Haskell doesn't "get ugly fast" in any circumstance I've seen. It accomodates an extremely wide array of paradigms as pretty encodings on top of its own functional paradigm.

I completely agree, in fact I've been trying to show people how well Haskell can encode imperative programs.

See https://github.com/DanielWaterworth/Musings/blob/master/why_... and https://github.com/DanielWaterworth/Musings/blob/master/comp...

I tried Googling, but why are Scala and Haskell automatically classified as "academic"?

It's what people say when asked about languages they don't use or understand.

I.e., damning with faint praise.

I tried Googling, but why are Scala and Haskell automatically classified as "academic"?

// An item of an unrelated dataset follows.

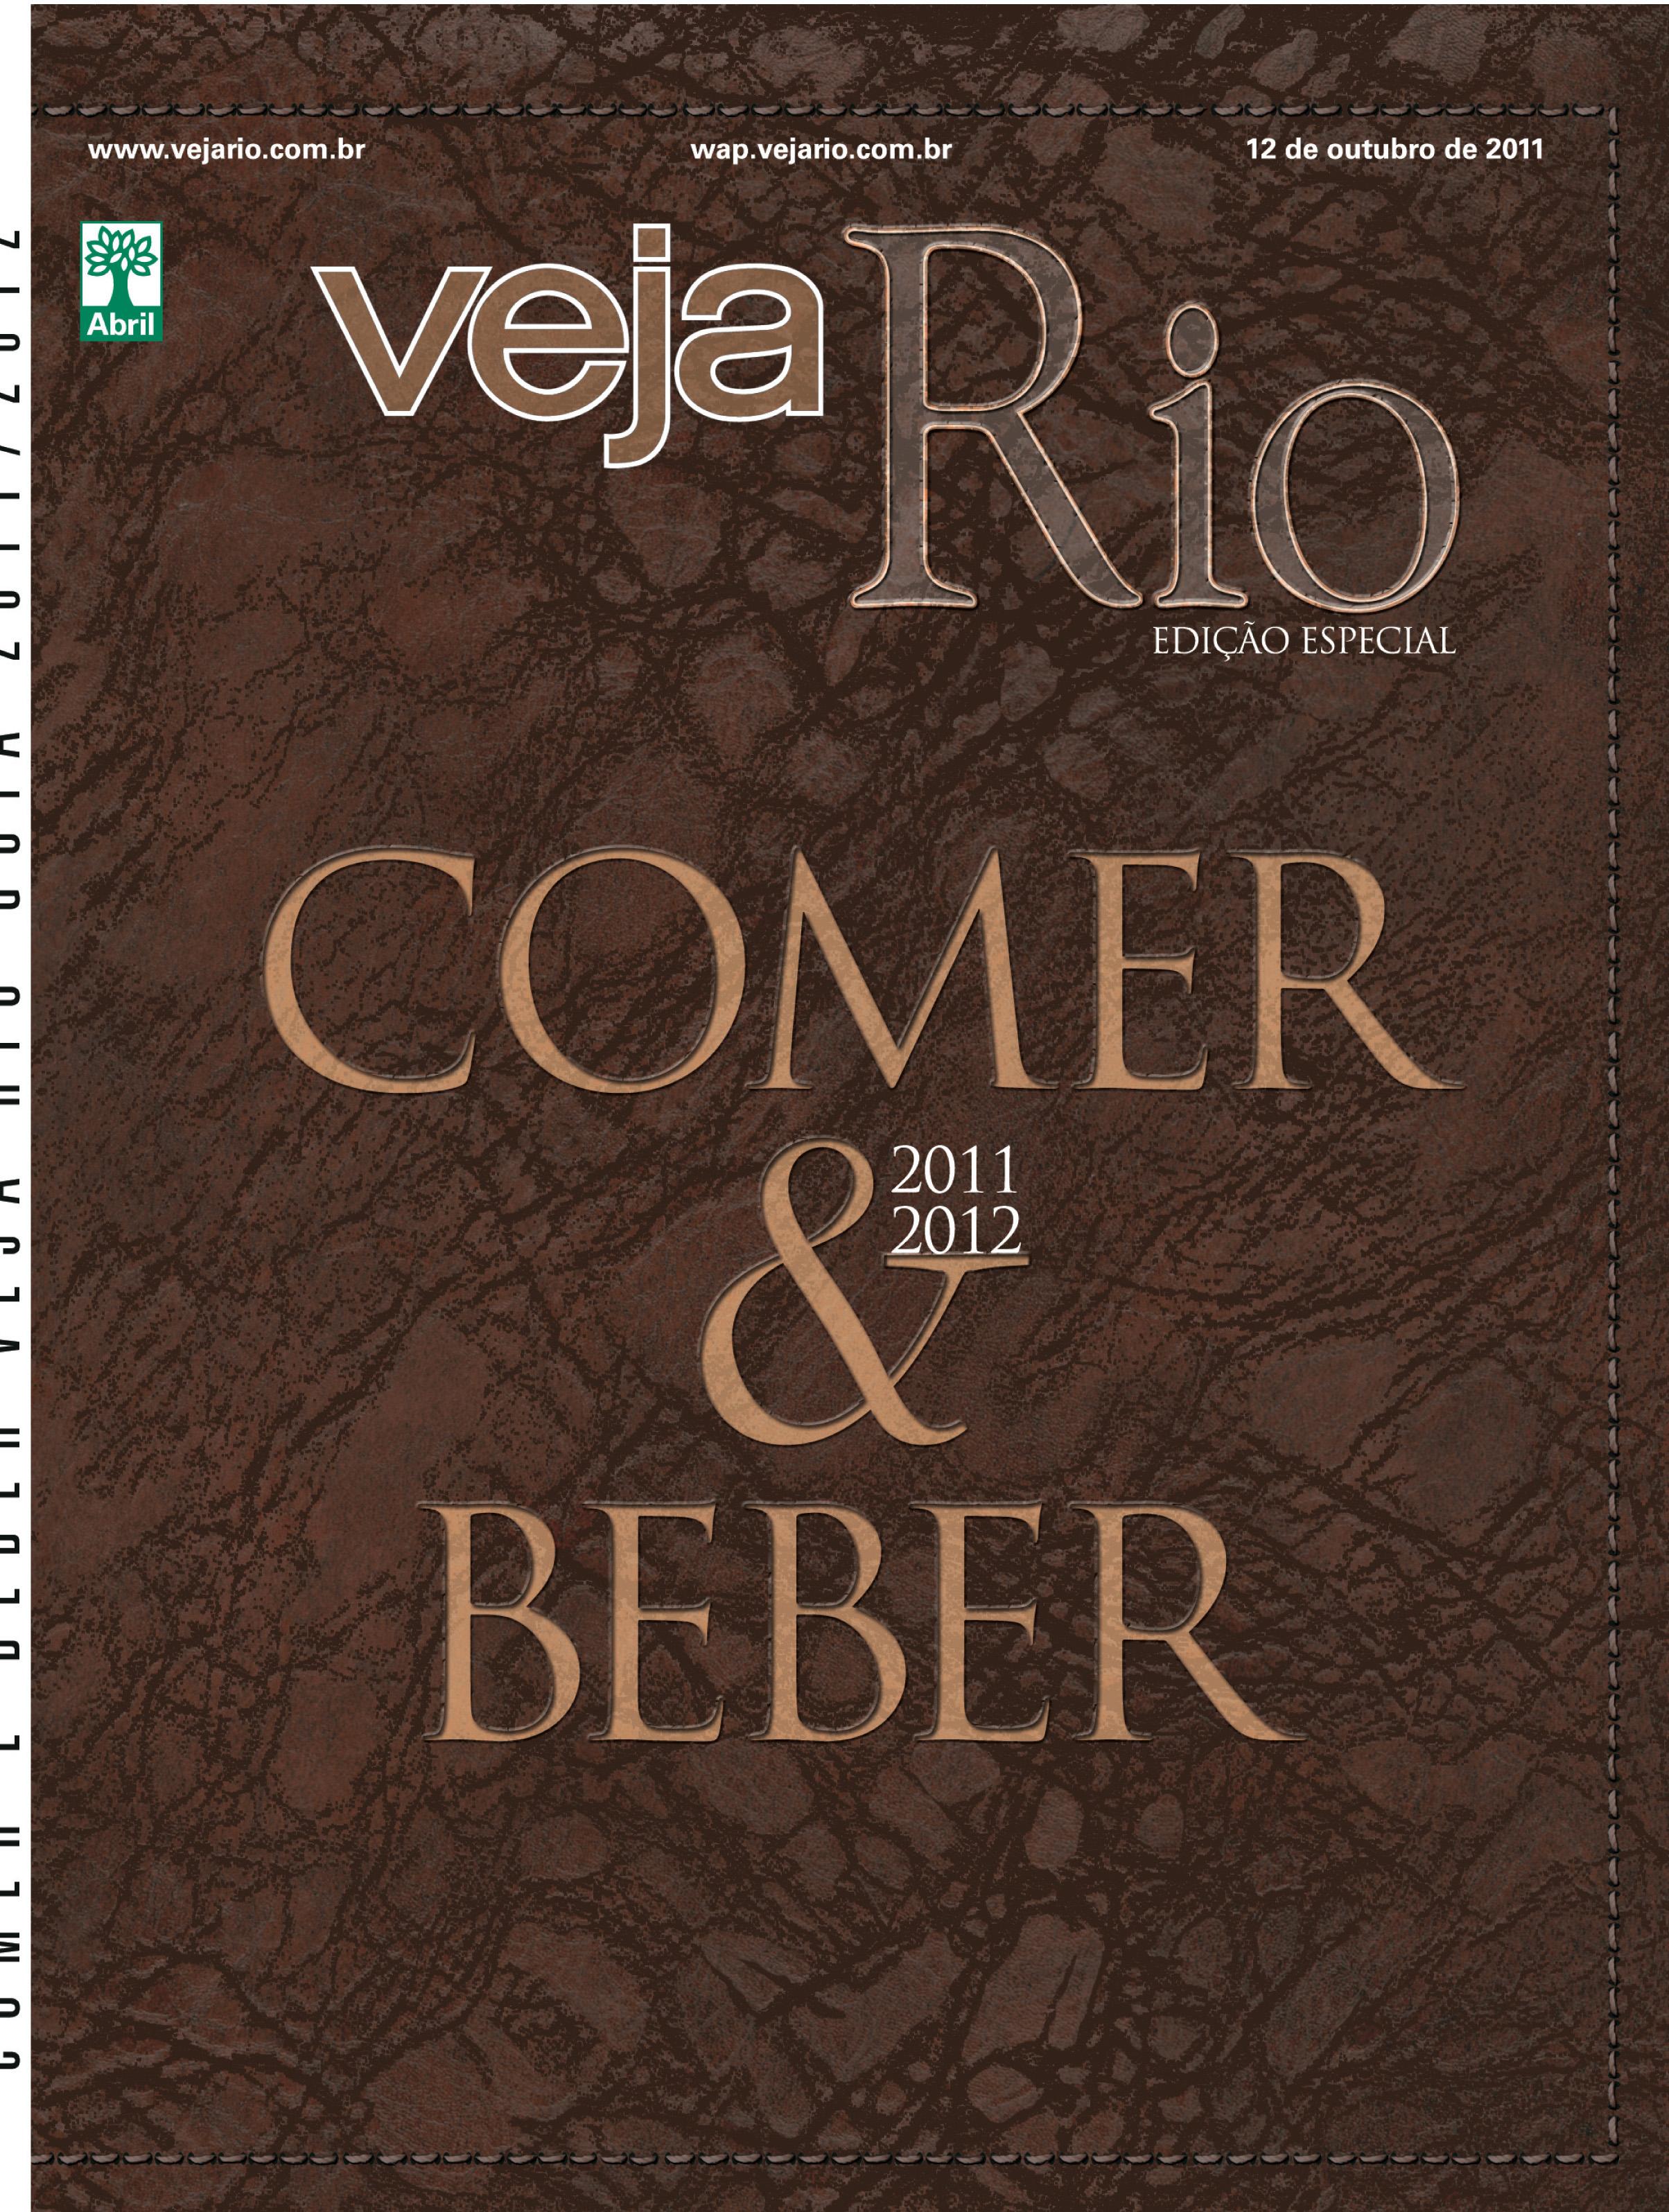 Capa da revista Veja Rio especial Comer e Beber, de 12 de outubro de 2011
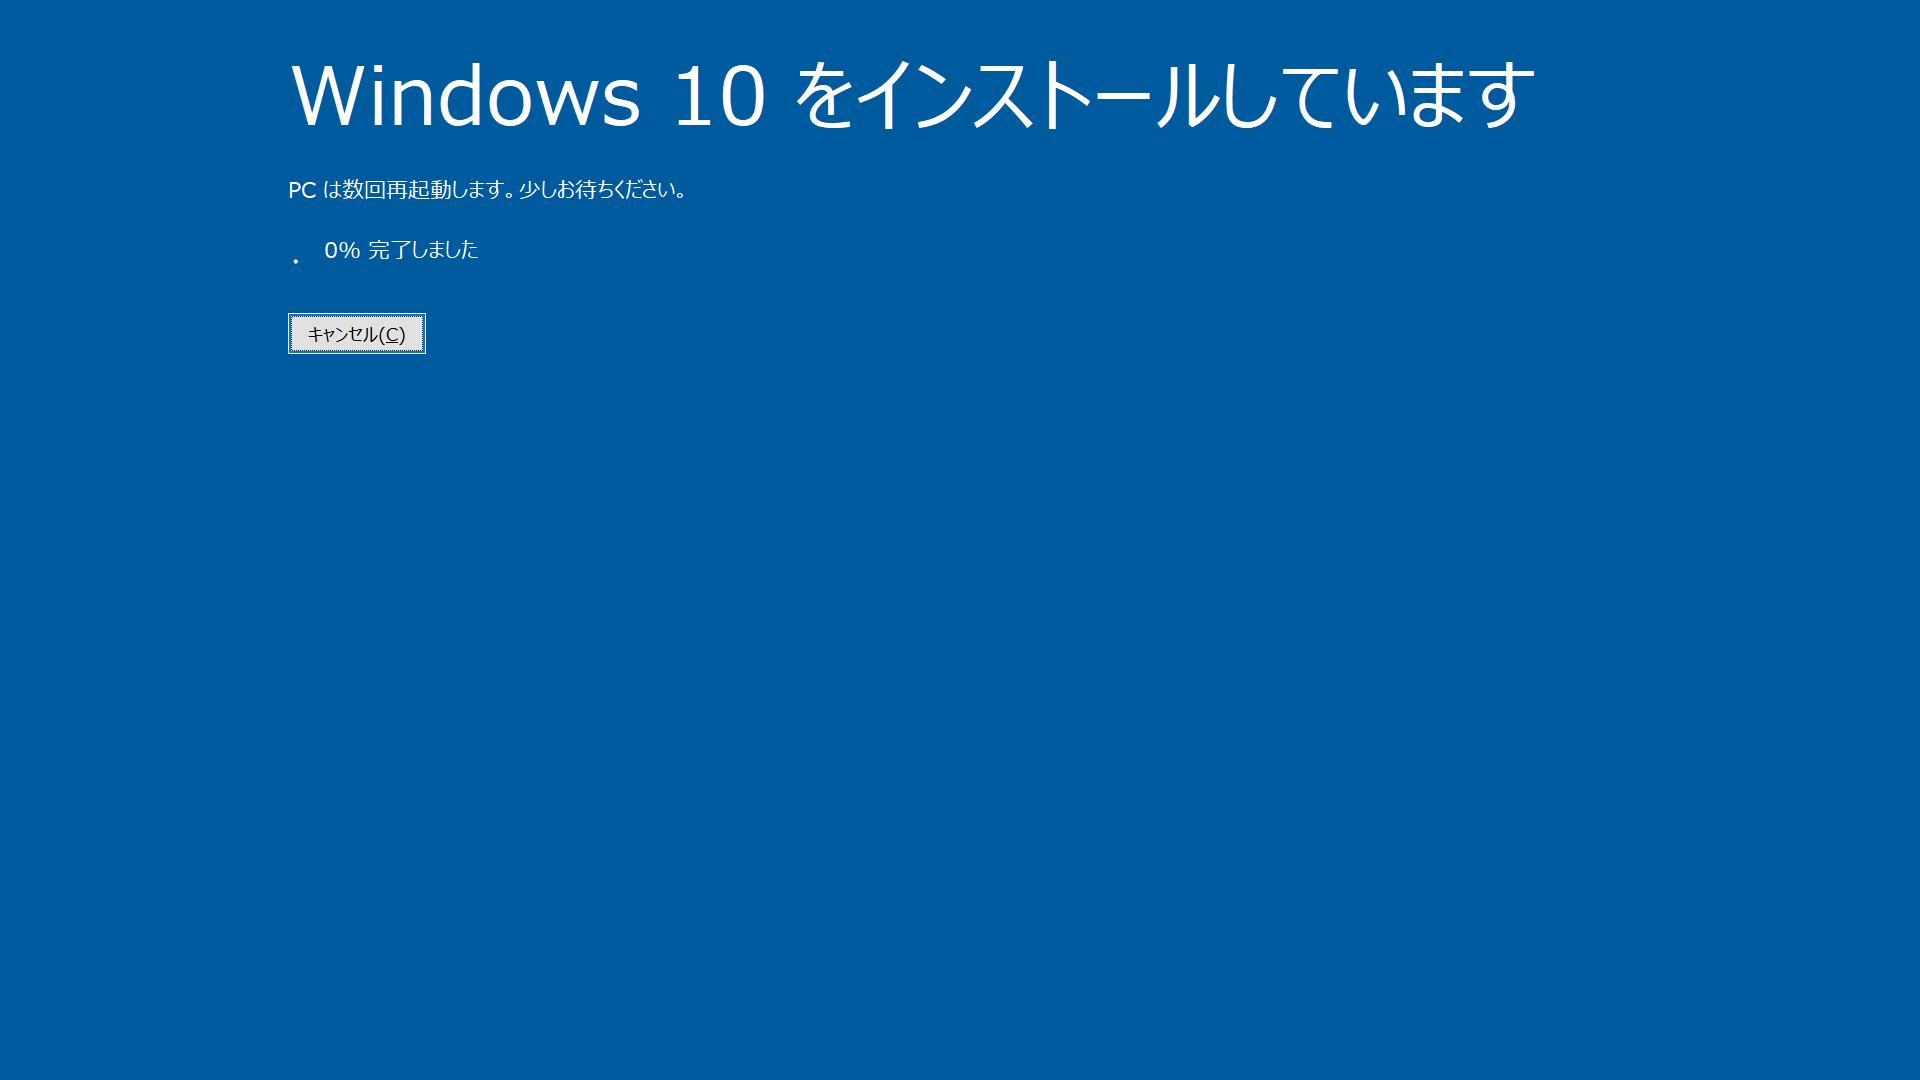 Windows10 1903 から 2004、ISOでアップデート_a0056607_16522752.png

Because they are inspired by 20th century mathematics rather than 18th century mathematics. This quote from wikipedia explains it:

These developments of the last quarter of the 19th century and the first quarter of 20th century were systematically exposed in Bartel van der Waerden's Moderne algebra, the two-volume monograph published in 1930–1931 that forever changed for the mathematical world the meaning of the word algebra from the theory of equations to the theory of algebraic structures. -- http://en.wikipedia.org/wiki/Abstract_algebra

The academic languages are the ones aware of that change in the meaning of the word algebra. Everyone learns Euler in high school. Nobody learns Mac Lane.

It came from inside a bunch of universities, and it's not hard to find papers talking about things like "monads" or "arrows" mentioning things like "monoids", which are mainly Haskell things. (But monoids aren't really Haskell things.)